■ WORK REQUIRED:
Go through the listing below and return each line that includes "Casual".
[DATA PROVIDED Boundary: Start]
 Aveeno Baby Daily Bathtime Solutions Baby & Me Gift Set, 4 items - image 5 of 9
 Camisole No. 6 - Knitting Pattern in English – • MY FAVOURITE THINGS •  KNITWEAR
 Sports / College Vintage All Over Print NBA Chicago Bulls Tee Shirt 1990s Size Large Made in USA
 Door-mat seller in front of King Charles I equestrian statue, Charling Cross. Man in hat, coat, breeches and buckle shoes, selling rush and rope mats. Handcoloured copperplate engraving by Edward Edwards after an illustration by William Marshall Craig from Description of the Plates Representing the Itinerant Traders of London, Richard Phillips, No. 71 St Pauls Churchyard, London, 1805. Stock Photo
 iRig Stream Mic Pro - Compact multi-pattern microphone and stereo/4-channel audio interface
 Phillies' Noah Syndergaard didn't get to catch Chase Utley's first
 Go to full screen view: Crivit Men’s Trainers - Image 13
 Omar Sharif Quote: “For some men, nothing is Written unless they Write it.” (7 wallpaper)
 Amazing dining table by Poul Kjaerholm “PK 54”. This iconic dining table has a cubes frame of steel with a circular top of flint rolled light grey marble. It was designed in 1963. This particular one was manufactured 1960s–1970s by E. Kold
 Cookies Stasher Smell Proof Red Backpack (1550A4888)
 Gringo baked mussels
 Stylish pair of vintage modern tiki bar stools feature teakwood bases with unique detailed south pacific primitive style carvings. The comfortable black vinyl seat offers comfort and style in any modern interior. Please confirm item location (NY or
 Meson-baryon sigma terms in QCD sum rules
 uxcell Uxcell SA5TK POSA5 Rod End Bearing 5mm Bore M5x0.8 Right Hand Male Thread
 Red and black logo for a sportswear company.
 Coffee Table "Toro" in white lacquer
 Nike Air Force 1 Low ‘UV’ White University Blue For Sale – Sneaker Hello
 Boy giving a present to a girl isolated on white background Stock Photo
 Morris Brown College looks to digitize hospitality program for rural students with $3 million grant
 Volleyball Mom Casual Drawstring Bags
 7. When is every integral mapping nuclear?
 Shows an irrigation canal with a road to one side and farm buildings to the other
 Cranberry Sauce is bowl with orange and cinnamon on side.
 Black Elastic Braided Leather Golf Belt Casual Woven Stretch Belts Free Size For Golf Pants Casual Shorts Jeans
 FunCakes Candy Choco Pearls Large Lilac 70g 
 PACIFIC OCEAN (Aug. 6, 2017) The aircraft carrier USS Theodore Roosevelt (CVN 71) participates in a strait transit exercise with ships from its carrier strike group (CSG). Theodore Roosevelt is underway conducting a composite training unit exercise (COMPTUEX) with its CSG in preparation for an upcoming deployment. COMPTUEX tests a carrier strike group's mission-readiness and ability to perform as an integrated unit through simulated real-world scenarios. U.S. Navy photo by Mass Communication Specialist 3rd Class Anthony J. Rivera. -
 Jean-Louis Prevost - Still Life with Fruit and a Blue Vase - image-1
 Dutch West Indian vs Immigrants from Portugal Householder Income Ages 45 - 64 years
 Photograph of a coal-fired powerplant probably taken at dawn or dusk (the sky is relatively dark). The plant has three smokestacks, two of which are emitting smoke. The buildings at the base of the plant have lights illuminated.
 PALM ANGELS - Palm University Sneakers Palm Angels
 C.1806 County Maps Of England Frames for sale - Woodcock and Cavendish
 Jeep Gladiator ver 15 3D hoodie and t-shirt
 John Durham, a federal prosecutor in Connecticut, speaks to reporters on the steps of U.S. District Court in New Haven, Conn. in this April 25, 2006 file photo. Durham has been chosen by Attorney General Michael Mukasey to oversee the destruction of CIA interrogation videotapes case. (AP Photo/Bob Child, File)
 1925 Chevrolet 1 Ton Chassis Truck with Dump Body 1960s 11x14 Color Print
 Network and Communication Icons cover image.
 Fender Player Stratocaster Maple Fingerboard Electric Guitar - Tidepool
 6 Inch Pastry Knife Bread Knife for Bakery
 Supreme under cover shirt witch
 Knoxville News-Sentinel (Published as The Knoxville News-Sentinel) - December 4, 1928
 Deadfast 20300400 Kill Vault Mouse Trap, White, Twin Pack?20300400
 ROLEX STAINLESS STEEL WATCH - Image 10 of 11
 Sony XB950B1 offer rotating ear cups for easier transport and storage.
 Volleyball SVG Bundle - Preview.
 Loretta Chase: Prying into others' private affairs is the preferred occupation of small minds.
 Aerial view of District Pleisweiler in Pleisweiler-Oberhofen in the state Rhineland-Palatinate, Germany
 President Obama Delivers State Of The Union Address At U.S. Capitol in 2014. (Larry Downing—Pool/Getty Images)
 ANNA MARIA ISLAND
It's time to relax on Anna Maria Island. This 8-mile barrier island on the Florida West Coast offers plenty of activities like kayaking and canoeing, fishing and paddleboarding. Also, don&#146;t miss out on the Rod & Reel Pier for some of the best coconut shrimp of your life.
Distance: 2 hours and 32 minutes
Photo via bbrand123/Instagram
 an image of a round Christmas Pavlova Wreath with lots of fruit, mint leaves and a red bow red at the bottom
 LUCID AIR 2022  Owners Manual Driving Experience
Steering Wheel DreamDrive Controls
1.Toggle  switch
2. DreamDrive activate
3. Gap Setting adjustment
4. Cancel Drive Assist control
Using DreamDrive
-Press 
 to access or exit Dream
[DATA PROVIDED Boundary: End]
■ OUTPUT OF THE TASK:
 Volleyball Mom Casual Drawstring Bags
 Black Elastic Braided Leather Golf Belt Casual Woven Stretch Belts Free Size For Golf Pants Casual Shorts Jeans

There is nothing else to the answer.